136246 – [RTF] Import: Txt-Table is messed up

Bug 136246 - [RTF] Import: Txt-Table is messed up

Summary: [RTF] Import: Txt-Table is messed up

Status:	NEW

Alias:	None

Product:	LibreOffice
Classification:	Unclassified
Component:	filters and storage (show other bugs)
Version: (earliest affected)	Inherited From OOo
Hardware:	All All

Importance:	medium normal
Assignee:	Not Assigned

URL:
Whiteboard:
Keywords:	filter:rtf

Depends on:
Blocks:	RTF
	Show dependency tree / graph

Reported:	2020-08-28 21:36 UTC by Dennis Roczek
Modified:	2024-09-06 16:15 UTC (History)
CC List:	4 users (show)

See Also:
Crash report or crash signature:

Attachments
Screenshot of the table in LO64 (86.91 KB, image/png) 2020-08-28 21:37 UTC, Dennis Roczek	Details
Screesnhot in LO5 (121.66 KB, image/png) 2020-08-28 21:37 UTC, Dennis Roczek	Details
Abiword (186.69 KB, image/png) 2020-08-28 21:38 UTC, Dennis Roczek	Details
Wordpad in Windows 10 (1909) (78.97 KB, image/png) 2020-08-28 21:38 UTC, Dennis Roczek	Details
Correct rendering in MSO Word (83.73 KB, image/png) 2020-08-28 21:39 UTC, Dennis Roczek	Details
Problematic File (21.64 KB, application/rtf) 2020-08-28 21:39 UTC, Dennis Roczek	Details
somewhat fixed file using an old LibreOffice version (8.15 KB, application/rtf) 2020-08-28 21:40 UTC, Dennis Roczek	Details
View All Add an attachment (proposed patch, testcase, etc.)

Note You need to log in before you can comment on or make changes to this bug.

Description Dennis Roczek 2020-08-28 21:36:08 UTC

Description:
This Bug Report was reported to de-discuss and can be confirmed.

Version: 6.4.4.2 (x64)
Build-ID: 3d775be2011f3886db32dfd395a6a6d1ca2630ff
CPU-Threads: 4; BS: Windows 10.0 Build 18363; UI-Render: GL; VCL: win; 
Gebietsschema: de-DE (de_DE); UI-Sprache: de-DE
Calc: threaded

MMS Bila 5.0 is a small ERP system in Germany.
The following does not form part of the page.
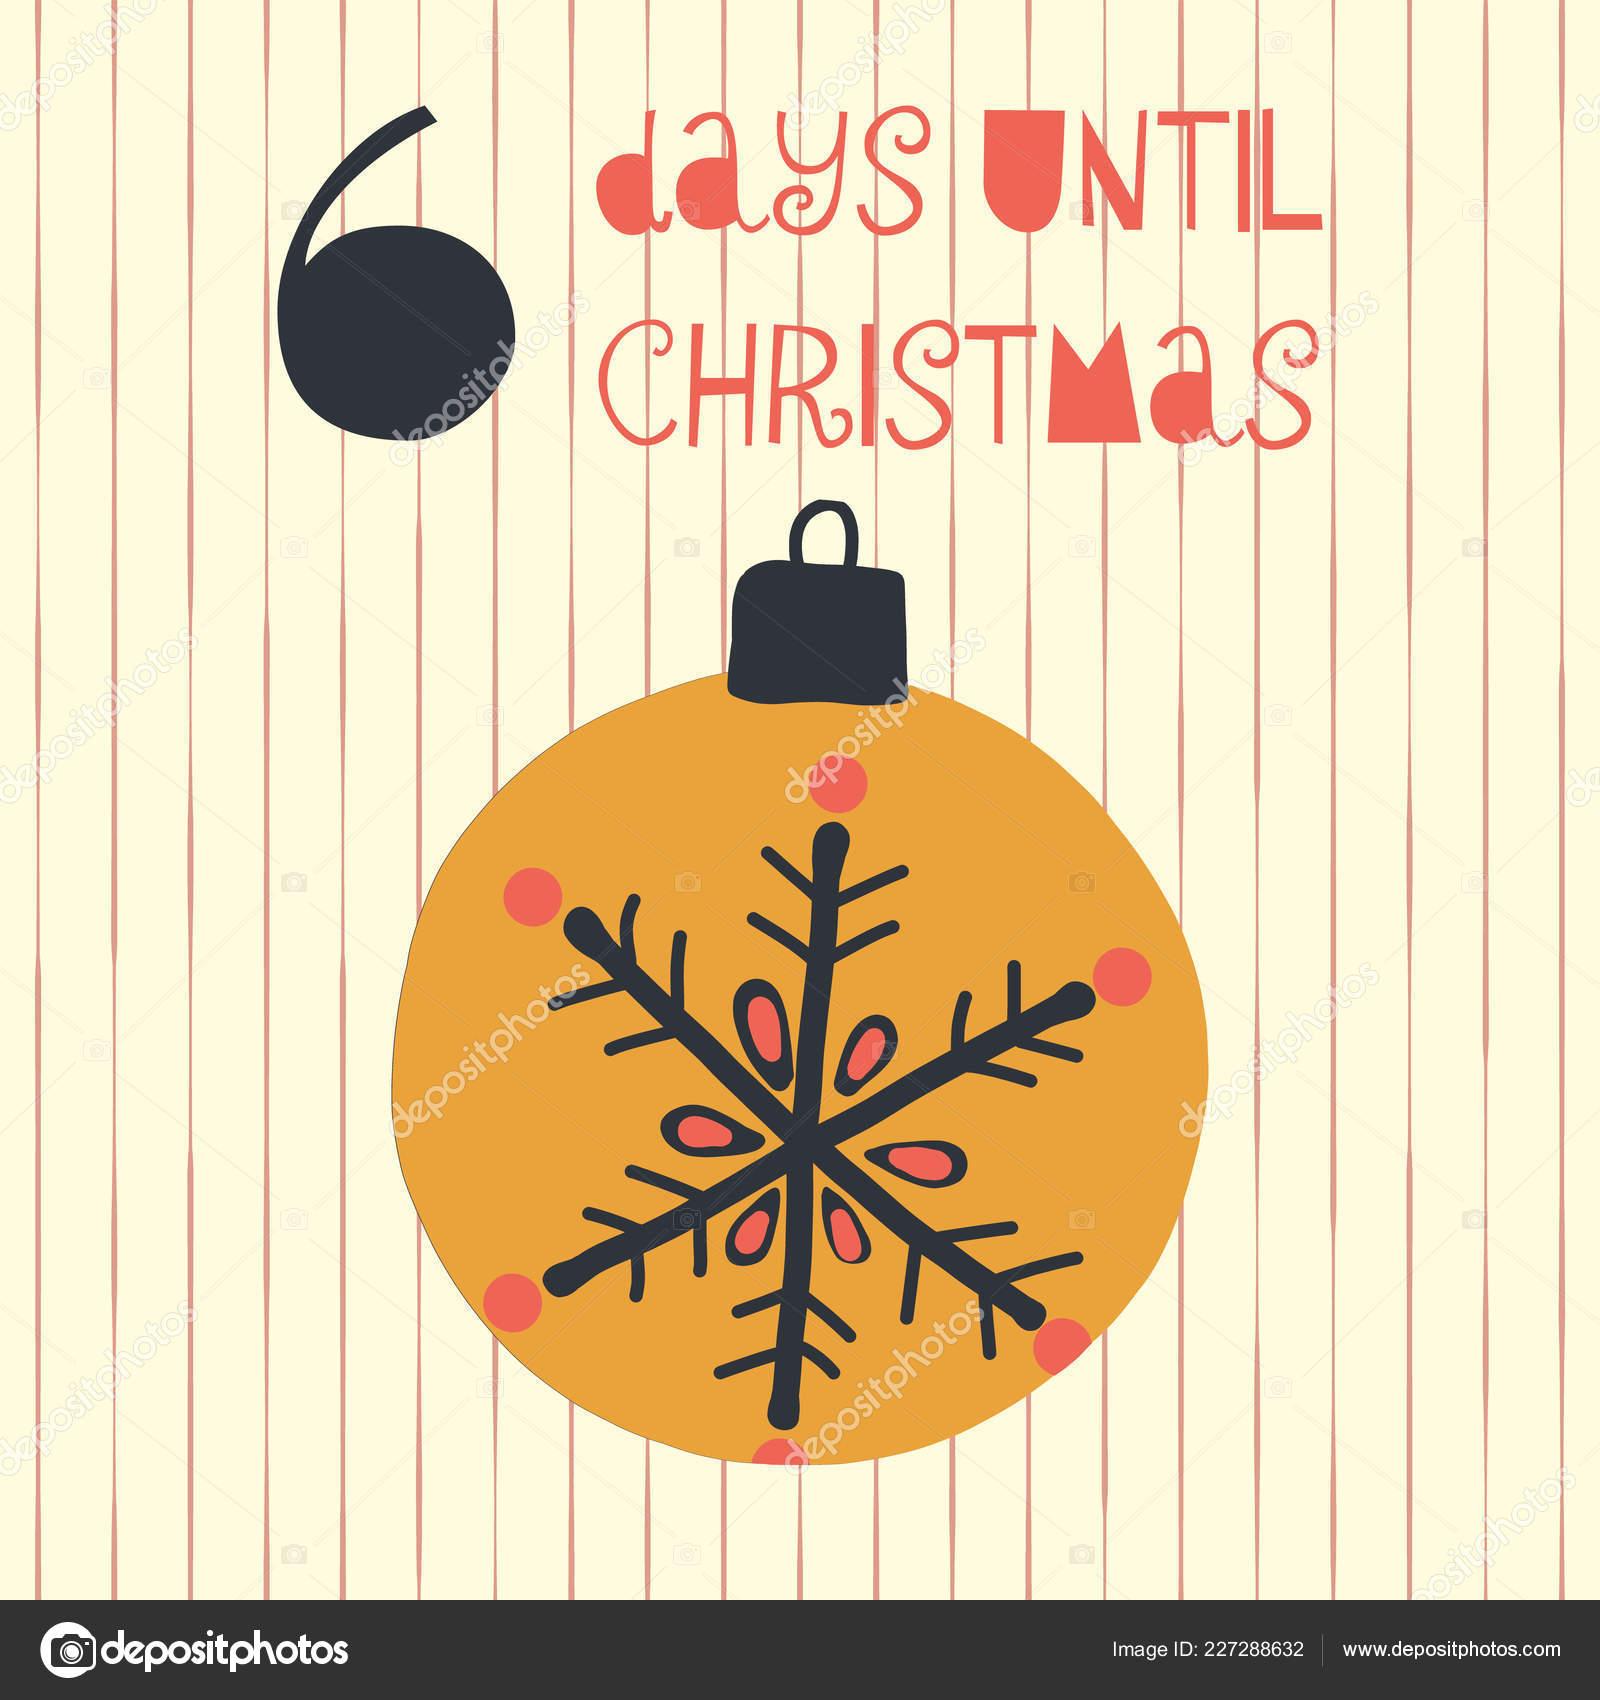 Countdown Till Christmas.6 Days Till Christmas Days Christmas Vector Illustration

You can grab a test version at http://www.mmsgmbh.de/finanzbuchhaltung.html .

Per mailing list this export is correct in LibreOffice before 6.4.0, although I cannot confirm that at the moment using 5.4.7 (portableapps version).
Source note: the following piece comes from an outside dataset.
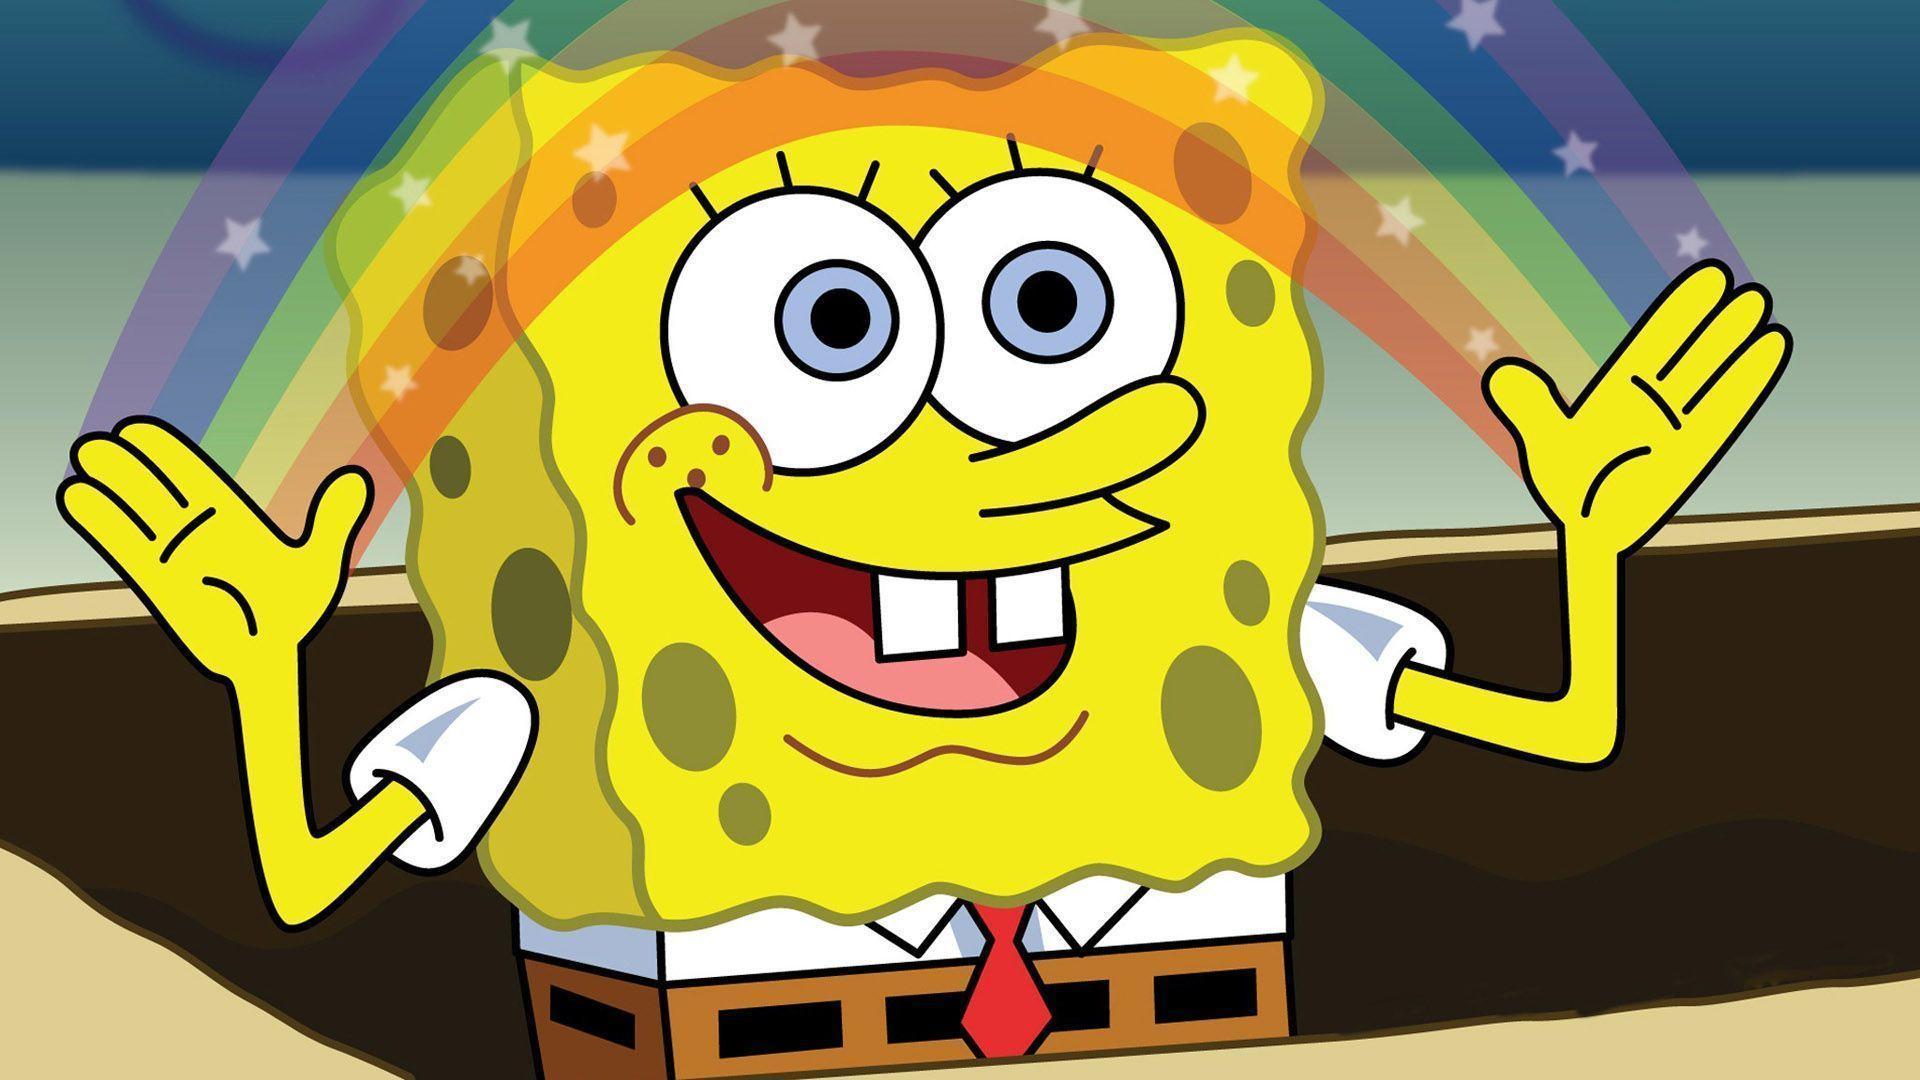 Cool Spongebob Wallpaper Picture designs For Your Walls

For what it is worth: Wordpad in Windows 10 (see another screenshot) and Abiword 2.8.6 (see screenshot) do also have their problems reading that file, only MSO (365 version) is able to read it correctly.
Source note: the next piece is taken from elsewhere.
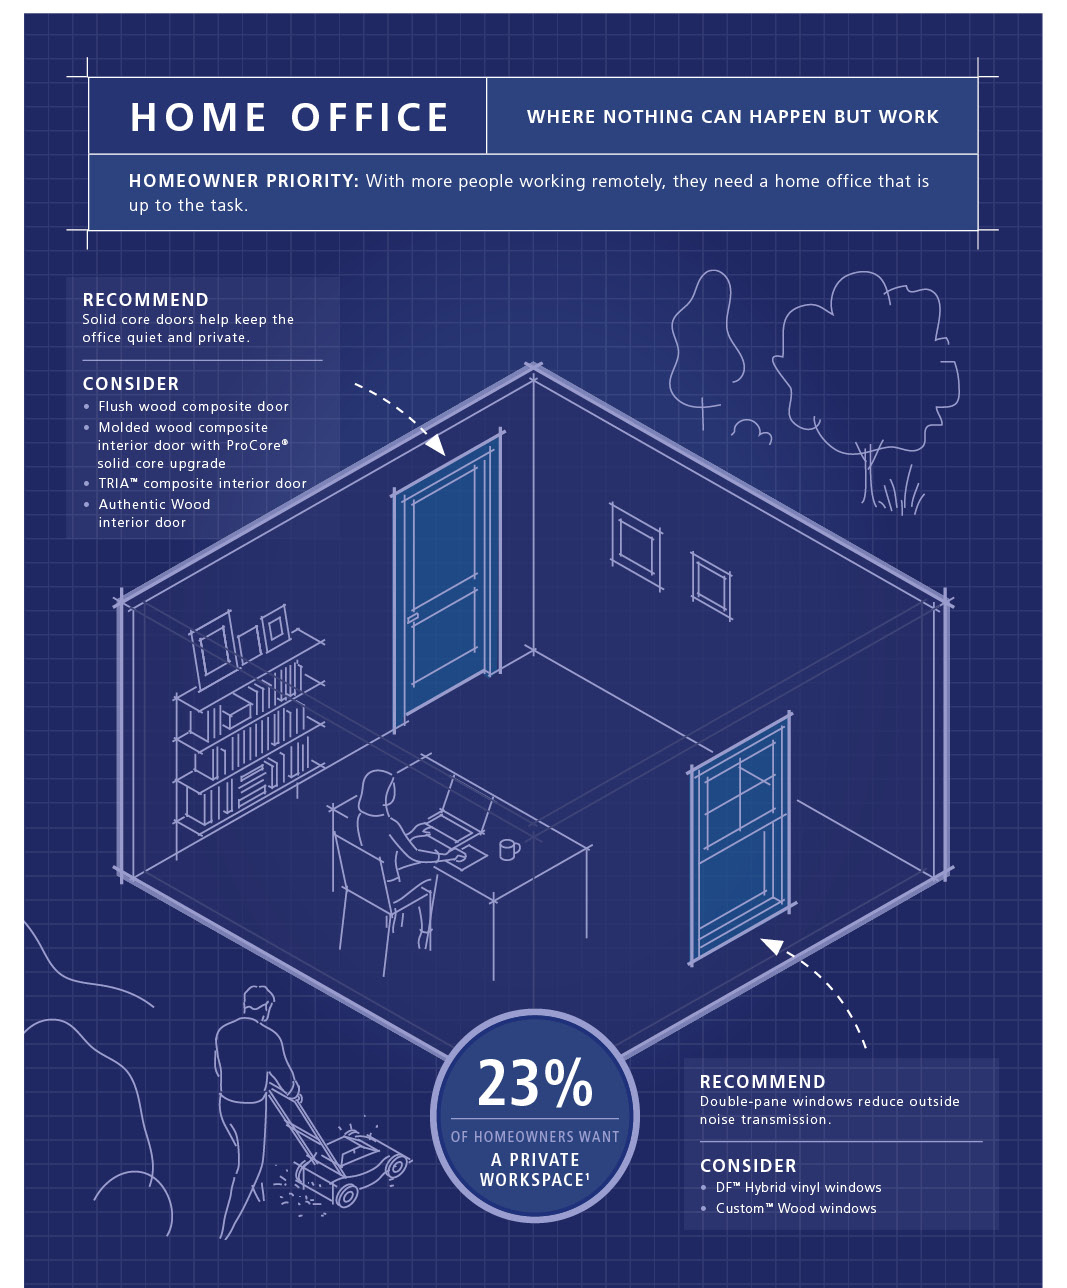 homeoffice_remodeling

So basically: the content is completely messed up as the table columns are not in the correct order. 

Steps to Reproduce:
1. open attached RTF file


Actual Results:
messed up table

Expected Results:
correct table


Reproducible: Always


User Profile Reset: Yes



Additional Info:
.

Comment 1 Dennis Roczek 2020-08-28 21:37:24 UTC

Created attachment 164829 [details]
Screenshot of the table in LO64

Comment 2 Dennis Roczek 2020-08-28 21:37:44 UTC

Created attachment 164830 [details]
Screesnhot in LO5

Comment 3 Dennis Roczek 2020-08-28 21:38:00 UTC

Created attachment 164831 [details]
Abiword

Comment 4 Dennis Roczek 2020-08-28 21:38:33 UTC

Created attachment 164832 [details]
Wordpad in Windows 10 (1909)

Comment 5 Dennis Roczek 2020-08-28 21:39:03 UTC

Created attachment 164833 [details]
Correct rendering in MSO Word

Comment 6 Dennis Roczek 2020-08-28 21:39:29 UTC

Created attachment 164834 [details]
Problematic File

Comment 7 Dennis Roczek 2020-08-28 21:40:35 UTC

Created attachment 164835 [details]
somewhat fixed file using an old LibreOffice version

Comment 8 Telesto 2020-08-29 12:55:03 UTC

Confirm with
7.1

Also in
LibreOffice 3.3.0 
OOO330m19 (Build:6)
tag libreoffice-3.3.0.4

Comment 9 Telesto 2020-08-29 12:58:30 UTC

@Miklos
Is there some way to validate RTF files; the bug rtf doc here is dubious quality wise.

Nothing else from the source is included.